- Born: 25 November 1867 Soest, Westphalia
- Died: 6 December 1945 (aged 78) Munich
- Known for: Myriapod taxonomy
- Spouse: Marie Kringer
- Children: 3
- Scientific career
- Fields: Invertebrate zoology
- Workplaces: Museum für Naturkunde
- Author abbrev. (botany): Verhoeff
- Author abbrev. (zoology): Verhoeff

= Karl Wilhelm Verhoeff =

German zoologist (1867–1945)

Karl (or Carl) Wilhelm Verhoeff (25 November 1867 – 6 December 1945) was a German myriapodologist and entomologist, specialising in myriapods (millipedes, centipedes, and related species) as well as woodlice and to a lesser extent insects.

==Biography==
Karl W. Verhoeff was born on 25 November 1867 in Soest in Westphalia, the son of the apothecary Karl M. Verhoeff and his wife Mathilde (born Rocholl). He completed his Abitur examination in Soest in 1889 and completed his doctoral thesis in zoology in Bonn in 1893. In 1902 he married Marie Kringer, who died in 1937 during surgery. The marriage produced three children, two daughters and a son, the son dying in 1942 on the Russian front.

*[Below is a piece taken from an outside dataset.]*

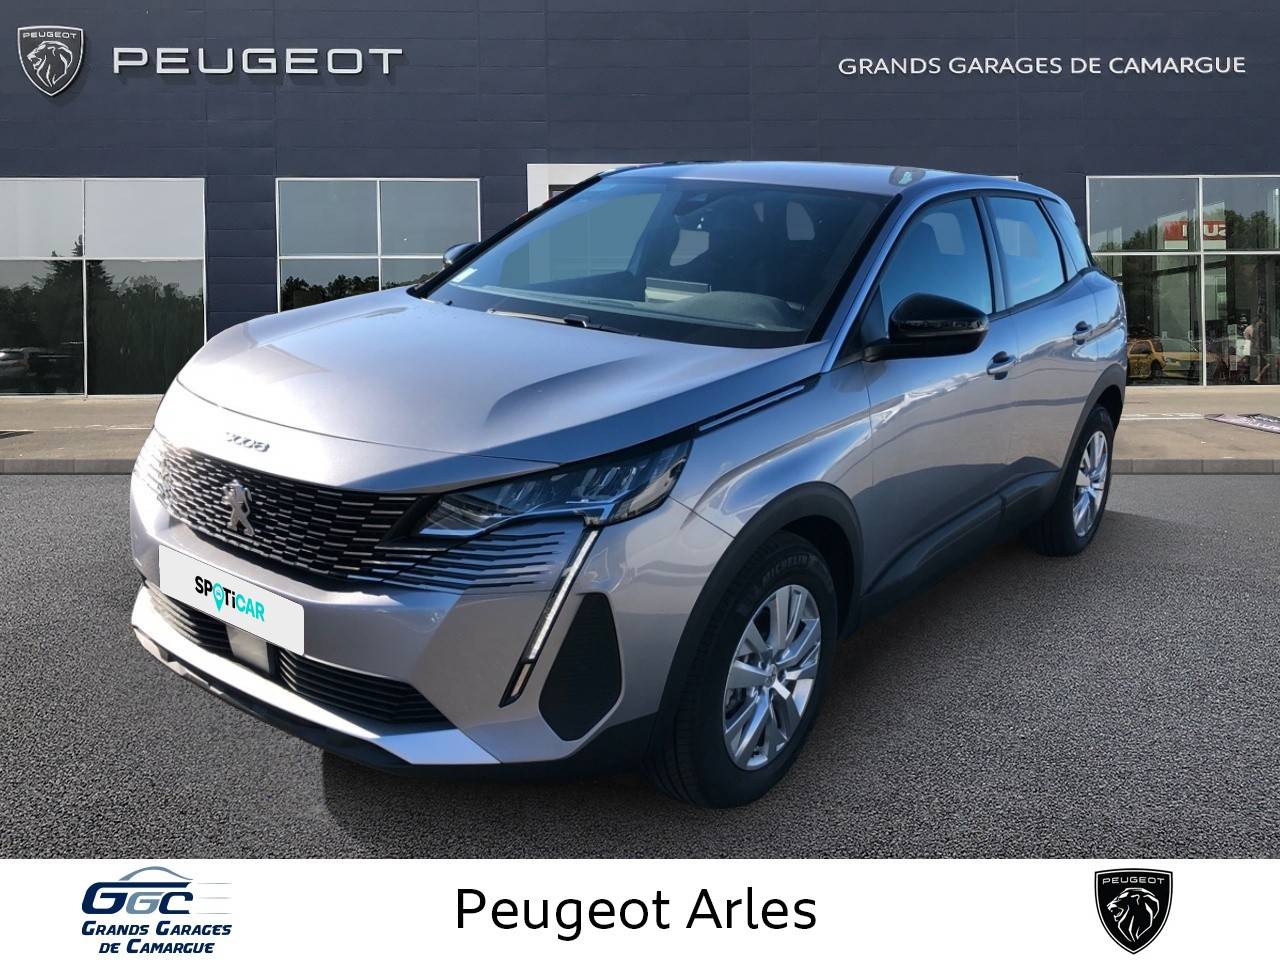 PEUGEOT 3008 | 3008 PureTech 130ch S&S EAT8 occasion - Peugeot Arles

He was briefly employed (1900–1905) at the Museum für Naturkunde in Berlin, but for the remainder of his long career, he worked privately. Verhoeff undertook a number of collecting trips, including visits to the French Riviera, and Romania and Bulgaria down through Bosnia and into Greece. Some of these trips were financed by the Prussian Academy of Science. He financed himself partly by selling his collections, with Munich and Berlin holding large amounts of his material.

Verhoeff was one of the most prolific authors of myriapod taxa in history. He described thousands of taxa, including over a thousand species of millipede alone. Verhoeff ranks among Ralph Vary Chamberlin and Carl Attems as the three most prolific millipede taxonomists. The 1962 compilation of Gisela Mauermayer records 670 scientific works by Verhoeff, including major contributions to the series Klassen und Ordnungen des Tierreichs.

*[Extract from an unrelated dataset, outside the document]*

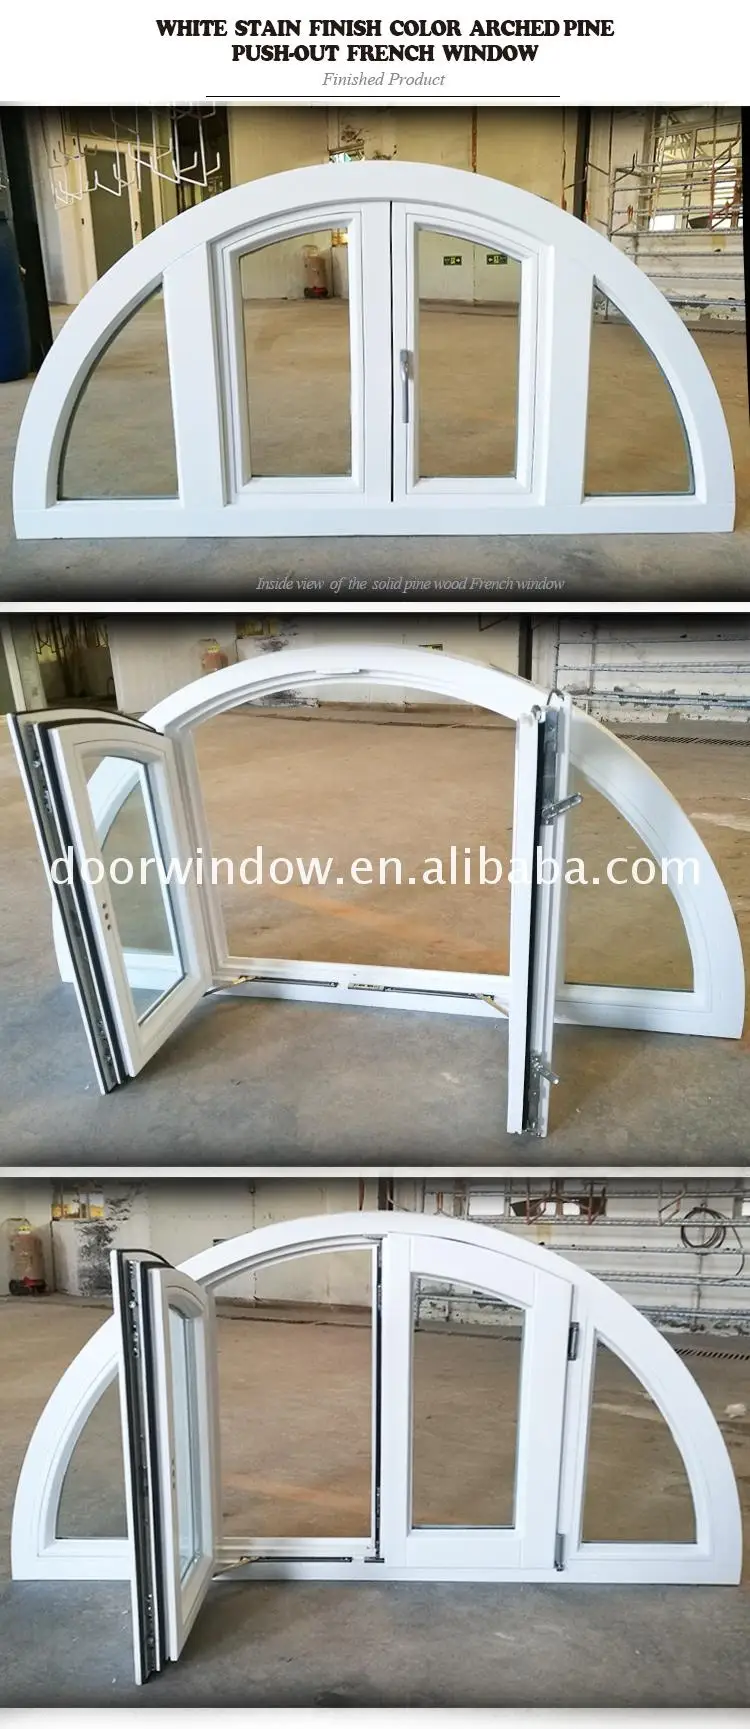 Windsor round window manufacturer round window house horizontal open round window

Contemporary taxonomists did not appreciate his early, groundbreaking work on Dermaptera, mainly due to his obscure expression and scarcity of illustrations and explanations, but his achievements in this group – as well as in Diplopoda and Chilognatha – were later recognized.

Verhoeff received a number of awards towards the end of his life, including the silver Leibniz Medal of the Prussian Academy of Science (1933), the Preis & Plakette of the August Forel foundation (1942) and a Doktor Diplom from the University of Bonn on the occasion of the 50th anniversary of his thesis (1943). In 1942, shortly before his 75th birthday, he was elected to the German Academy of Sciences Leopoldina. He died in Munich from suicide on 6 December 1945 (https://myriatrix.myspecies.info/users/karl-wilhelm-verhoeff).

Verhoeff's botanical writing concerned plant-insect interactions.